Volkswagen ID.4 – produção em série em Zwickau
Em relação aos gêneros, a pesquisa alerta para a possibilidade de reprodução de desigualdades já existentes. A maior parte dos novos empregos projetados em ambos os cenários seria ocupada por homens — cerca de dois terços das vagas. Isso se deve à predominância de setores tradicionalmente masculinos na indústria, como produção de veículos (89% da força de trabalho masculina), transportes (83%) e manufatura de equipamentos elétricos (71%). O ICCT recomenda que políticas públicas e programas de qualificação com foco em mulheres sejam implementados para evitar o aprofundamento das desigualdades de gênero.
O estudo também chama atenção para a importância estratégica da produção local de baterias. No cenário analisado, assume-se que o conteúdo doméstico nas baterias automotivas cresça dos atuais 21% para 50% em 2050. A depender do ritmo dessa nacionalização, os efeitos sobre o emprego podem ser ainda mais significativos. Em um cenário otimista, com 100% de conteúdo local nas baterias até 2050, o número total de empregos pode aumentar substancialmente.
Distribuição dos empregos em 2050 por setor
Setor produtivo | Cenário Base | Cenário Eletrificação |
Veículos a combustão e autopeças | Alta | Baixa |
Veículos elétricos e baterias | Inexistente | Alta |
Máquinas e equipamentos elétricos | Média | Alta |
Agropecuária e combustíveis | Alta | Média-baixa |
Serviços (transporte, construção etc.) | Alta | Alta |
Fonte: ICCT (2025).
Classificação qualitativa baseada na análise setorial do estudo (p. ii e iii).
Por outro lado, o ICCT alerta para o risco de perda de competitividade internacional caso o Brasil atrase sua transição para veículos elétricos. Países como Chile, México e Colômbia já estabeleceram metas formais de eletrificação para suas frotas. A ausência de metas no Brasil, até o momento, pode comprometer as exportações da indústria automotiva nacional, atualmente ainda muito dependente de veículos a combustão.
O estudo também recomenda a adoção de políticas industriais e comerciais coordenadas, incluindo incentivos à exportação, estímulo à produção local e metas ambiciosas de redução de emissões. Segundo os autores, o novo programa MOVER (Mobilidade Verde e Inovação), instituído pela Lei nº 14.902 de 2024, oferece uma base para esse tipo de transformação, mas precisa ser complementado com estratégias claras de eletrificação da frota nacional.
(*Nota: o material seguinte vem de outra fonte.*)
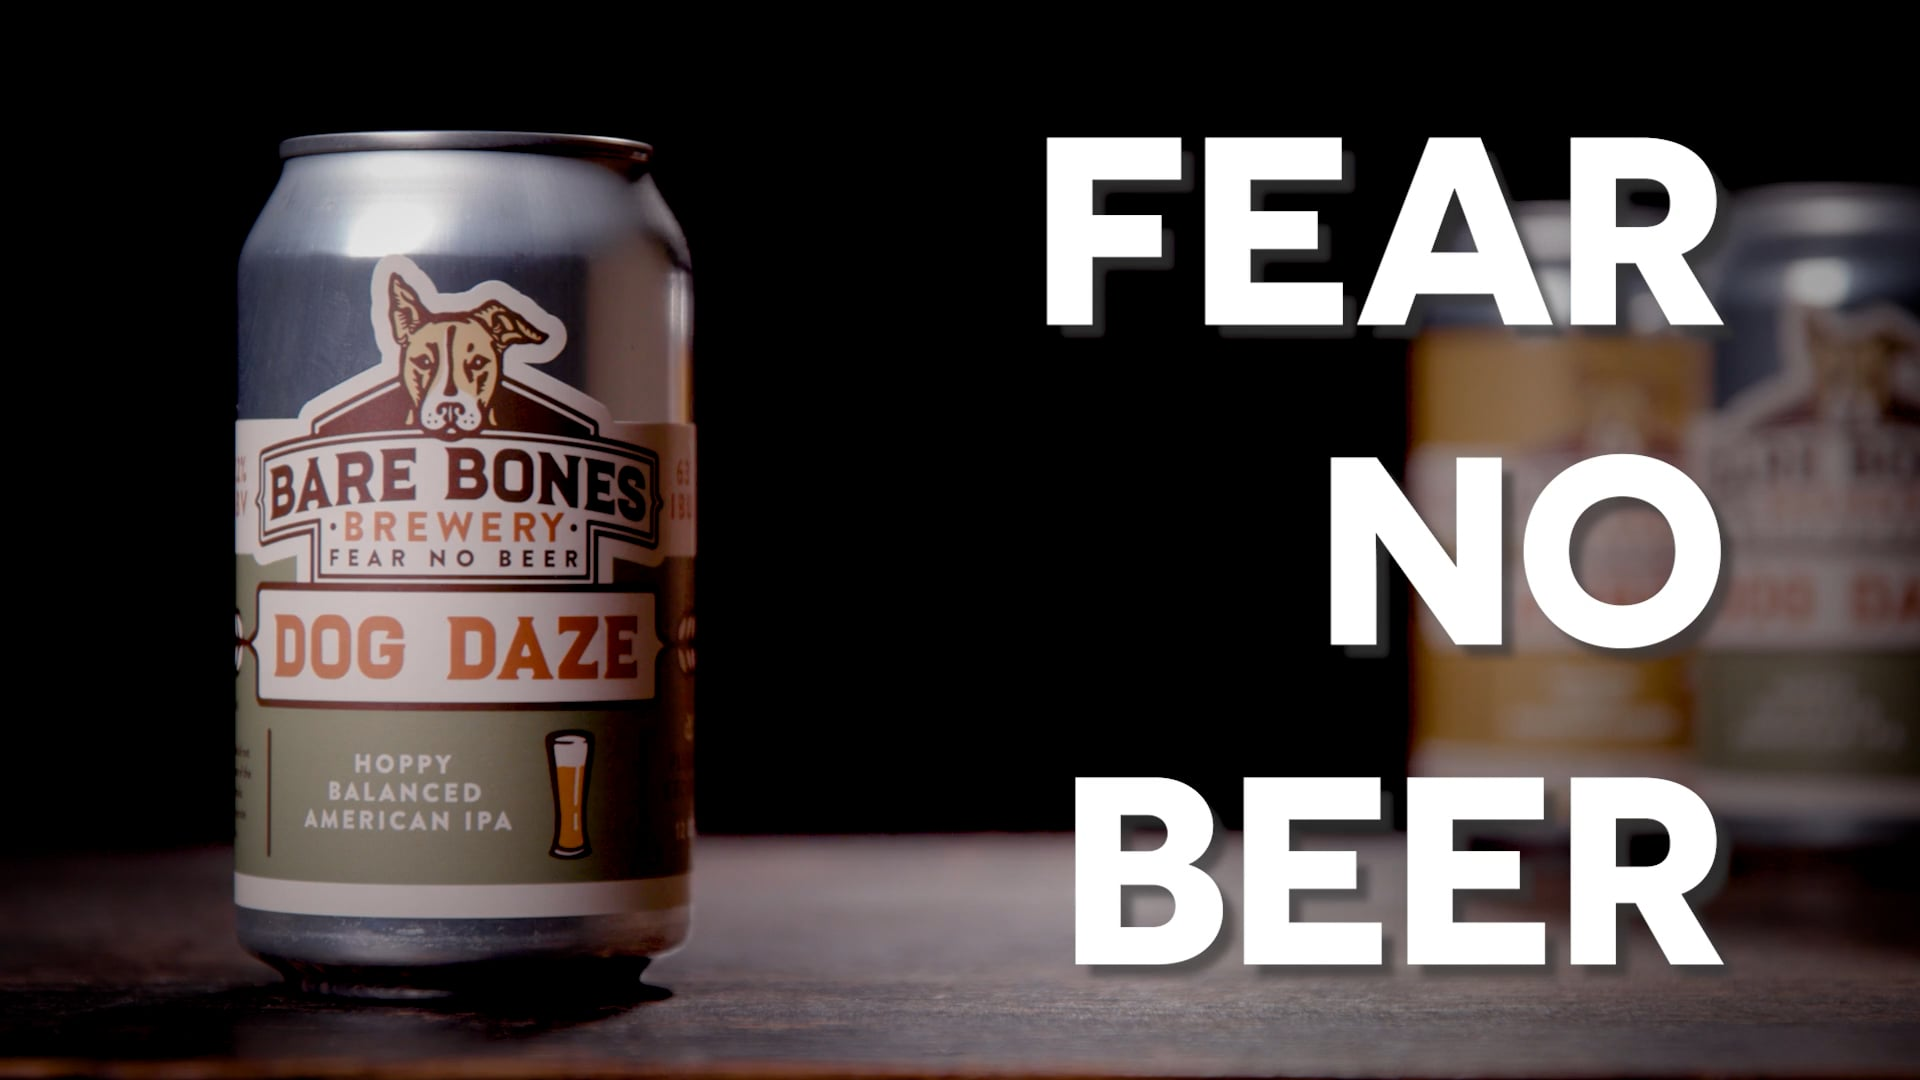 Bare Bones Brewery | Dog Daze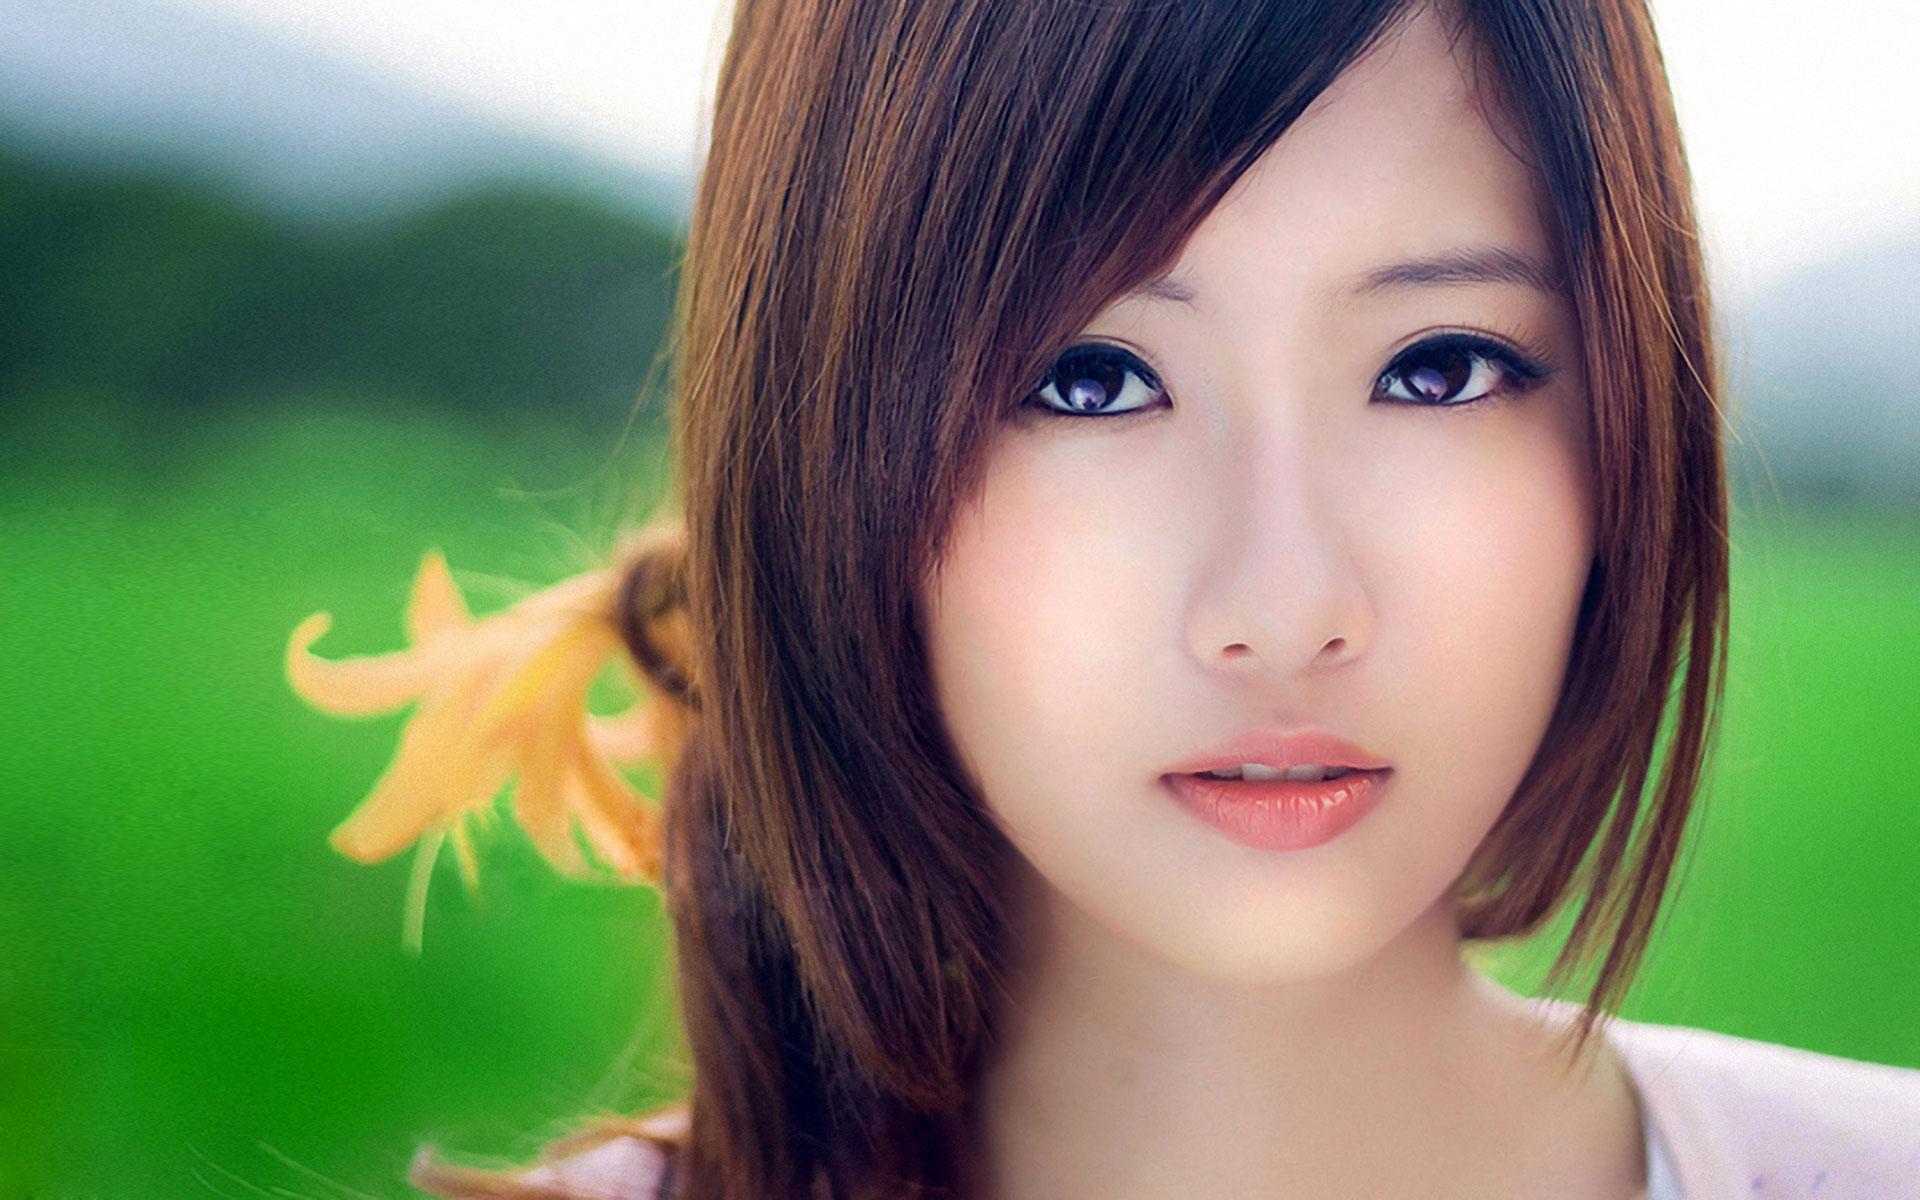 Hd wallpaper cute girl - Description Cute Girl Hd Wallpaper Is A Hi Res Wallpaper For Pc

Por fim, o relatório do ICCT conclui que a eletrificação da indústria automotiva pode representar não apenas uma resposta à crise climática, mas também uma oportunidade de desenvolvimento industrial e geração de empregos qualificados no Brasil. Mas essa oportunidade dependerá diretamente da capacidade de o país estruturar uma política integrada, com metas claras, apoio à produção nacional e foco em inclusão social.